Repeat the listing exactly as given, omitting every image.

> _Recorded data_:

• • • • • • •

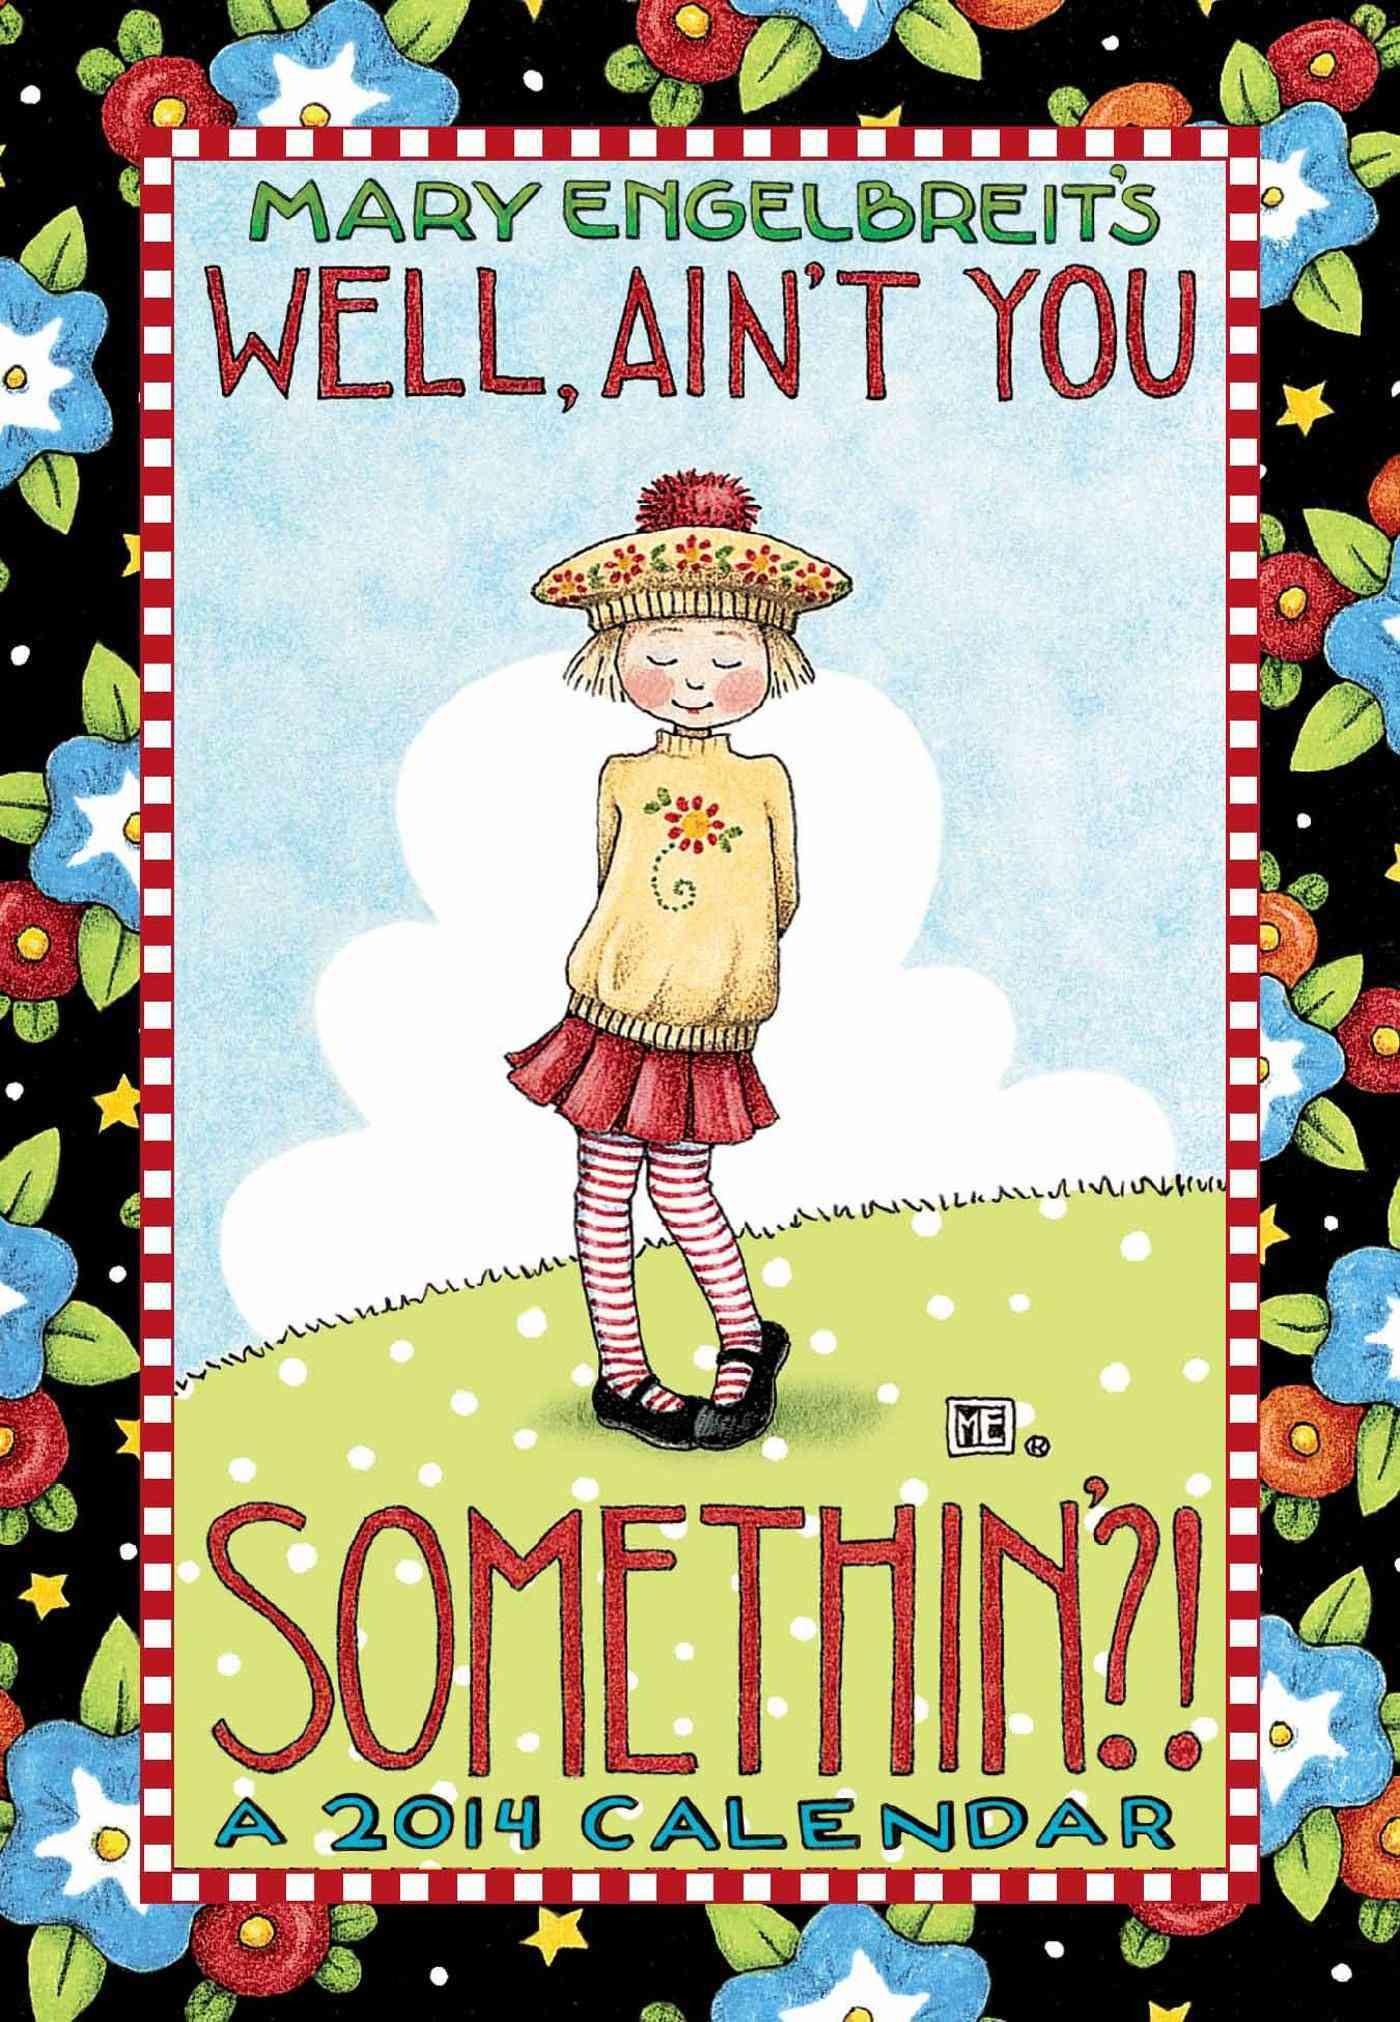 Mary Engelbreit Well, Ain't You Somethin'?! 2014 Calendar (Calendar)
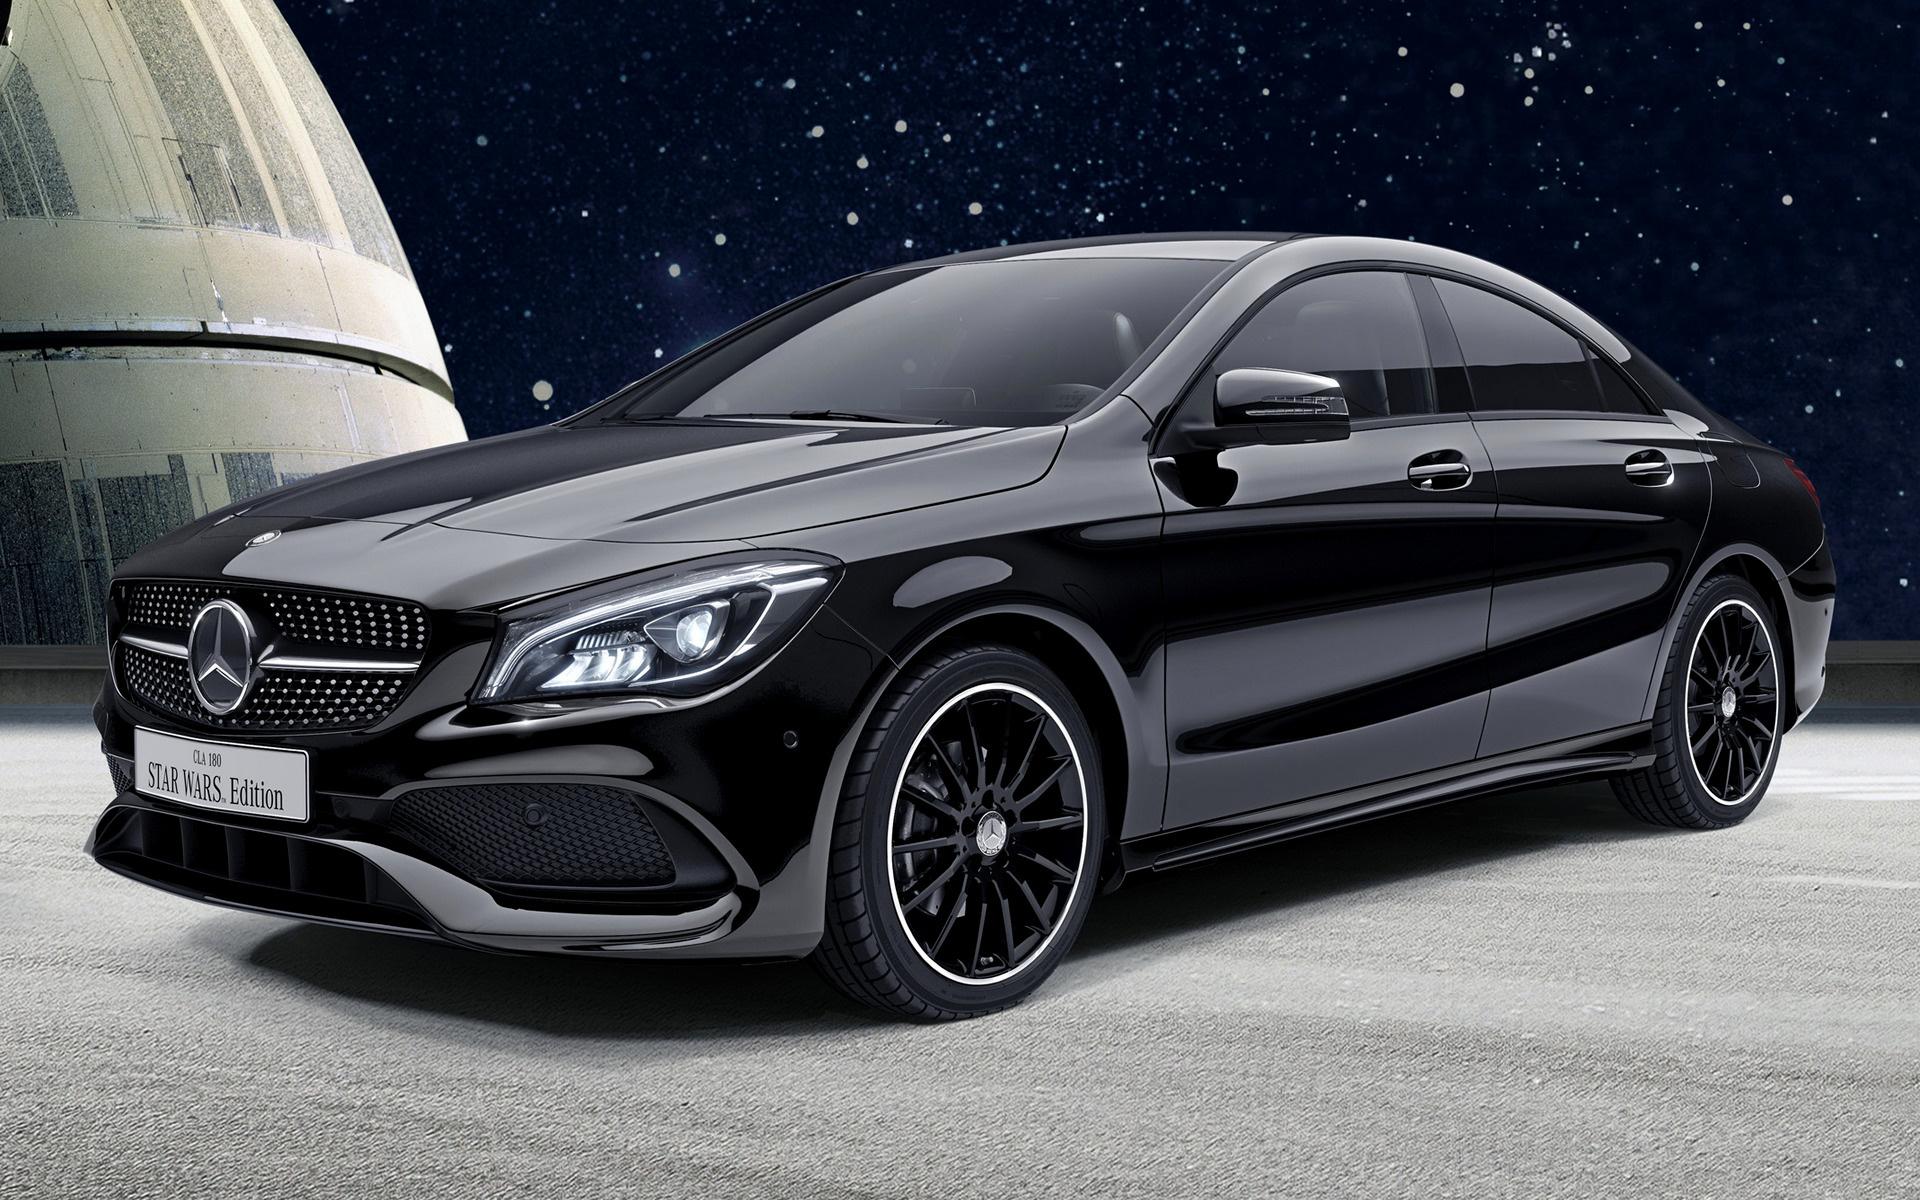 2017 Mercedes Benz Cla Class Star Wars Edition Jp
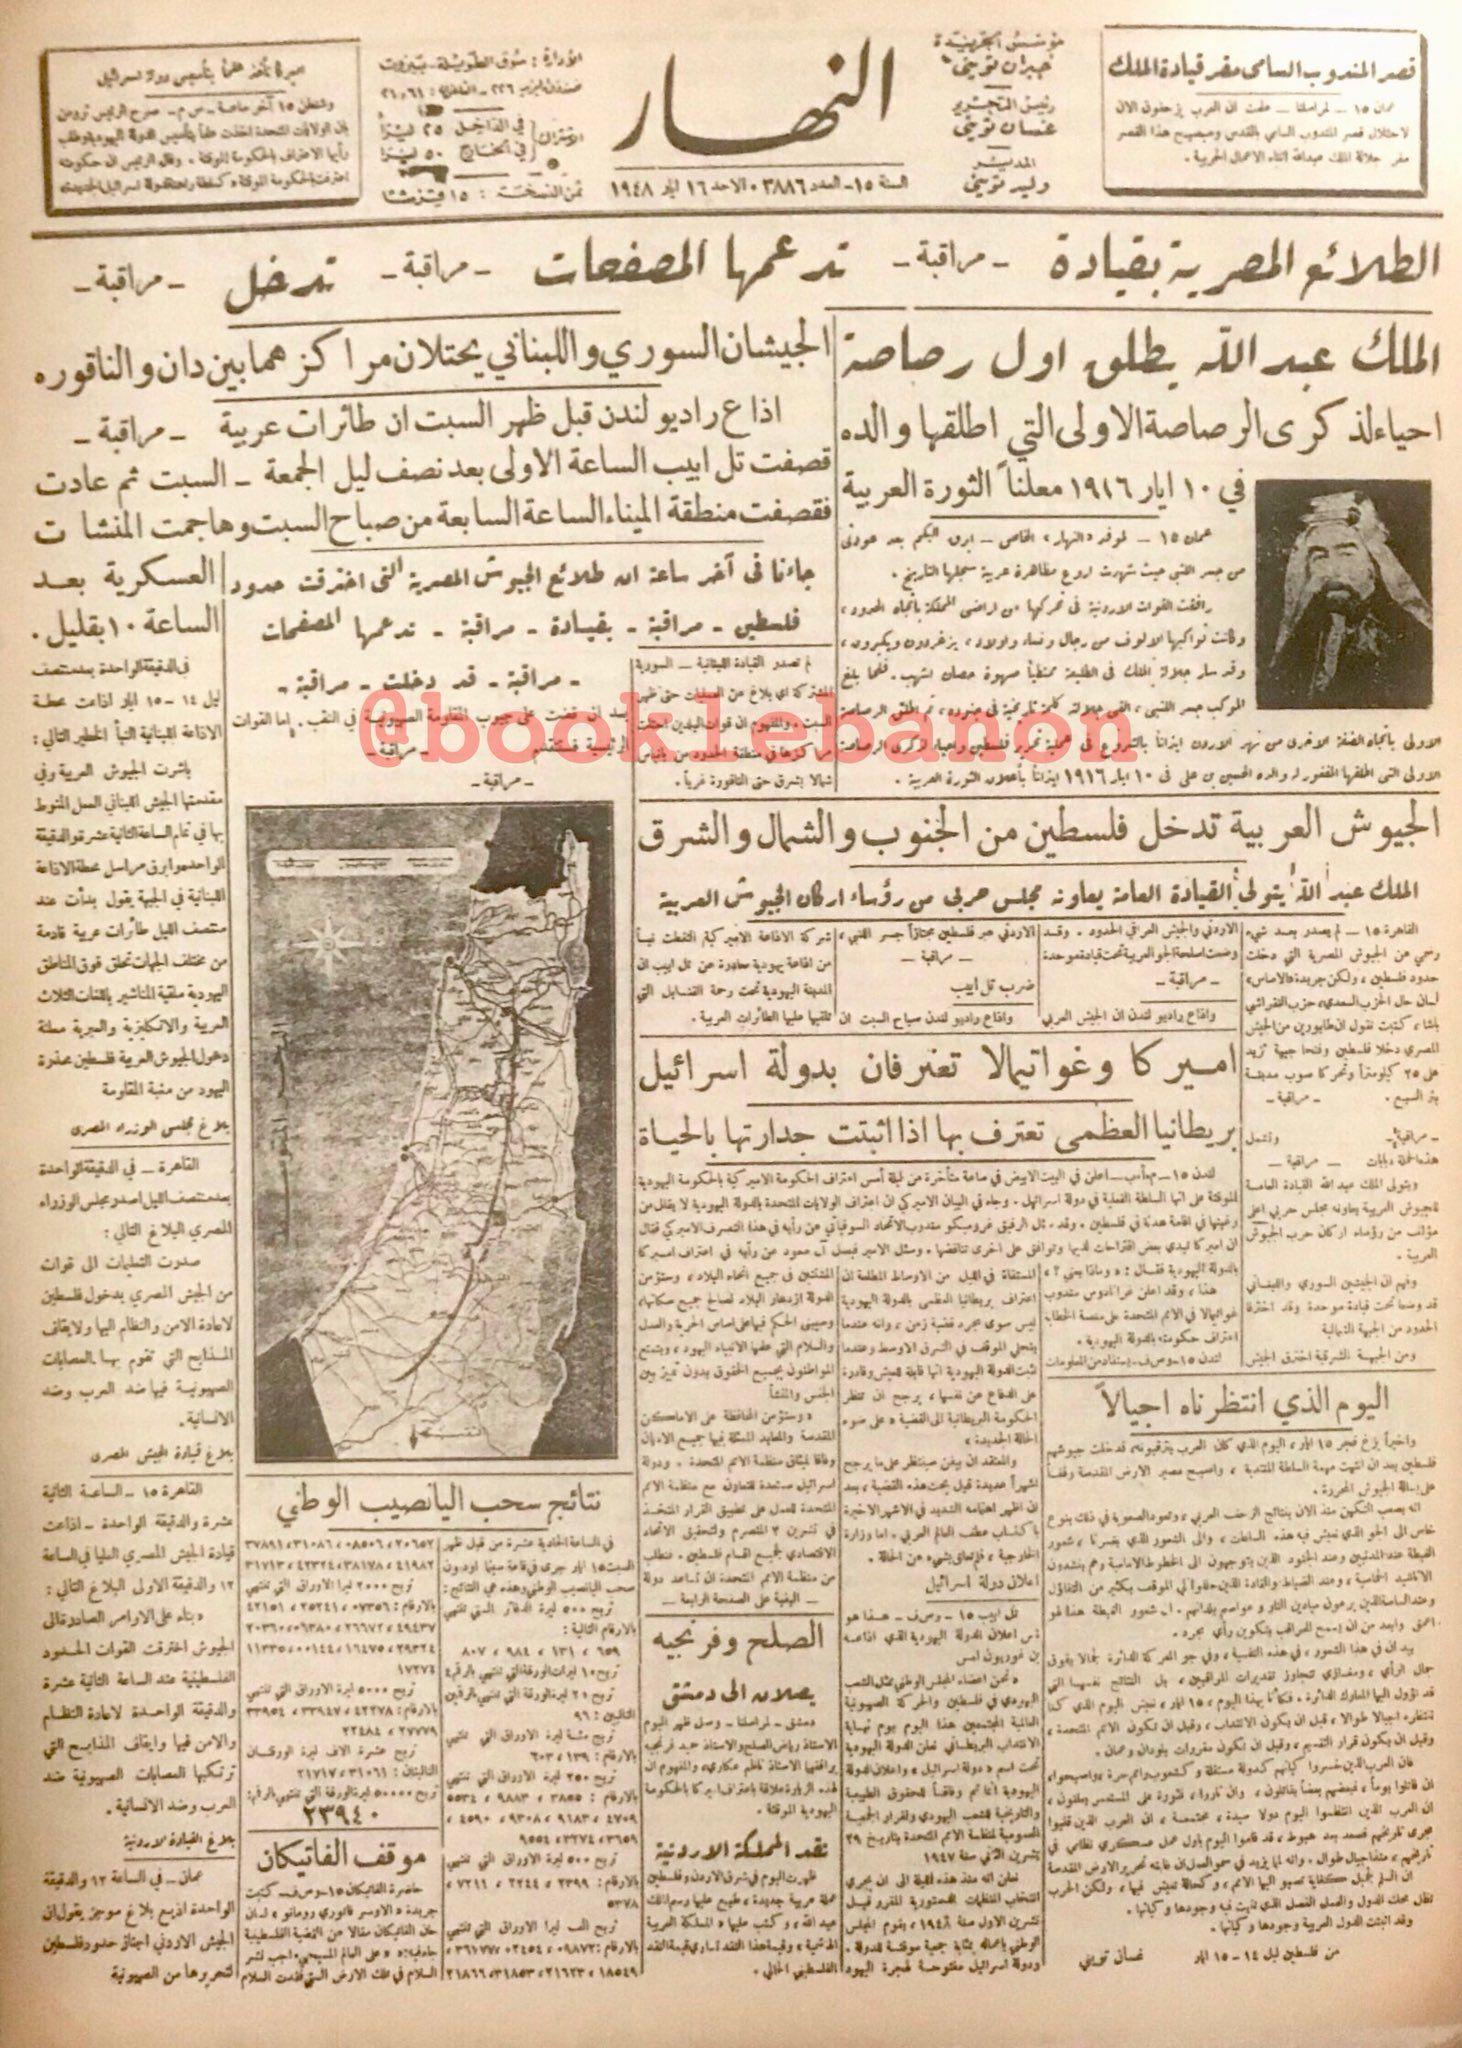 أرشيف لبنان Lebanon Archives On Twitter Egypt History Historical News Lebanon

• • • • • • •

> _Result_:
 Mary Engelbreit Well, Ain't You Somethin'?! 2014 Calendar (Calendar)
 2017 Mercedes Benz Cla Class Star Wars Edition Jp
 أرشيف لبنان Lebanon Archives On Twitter Egypt History Historical News Lebanon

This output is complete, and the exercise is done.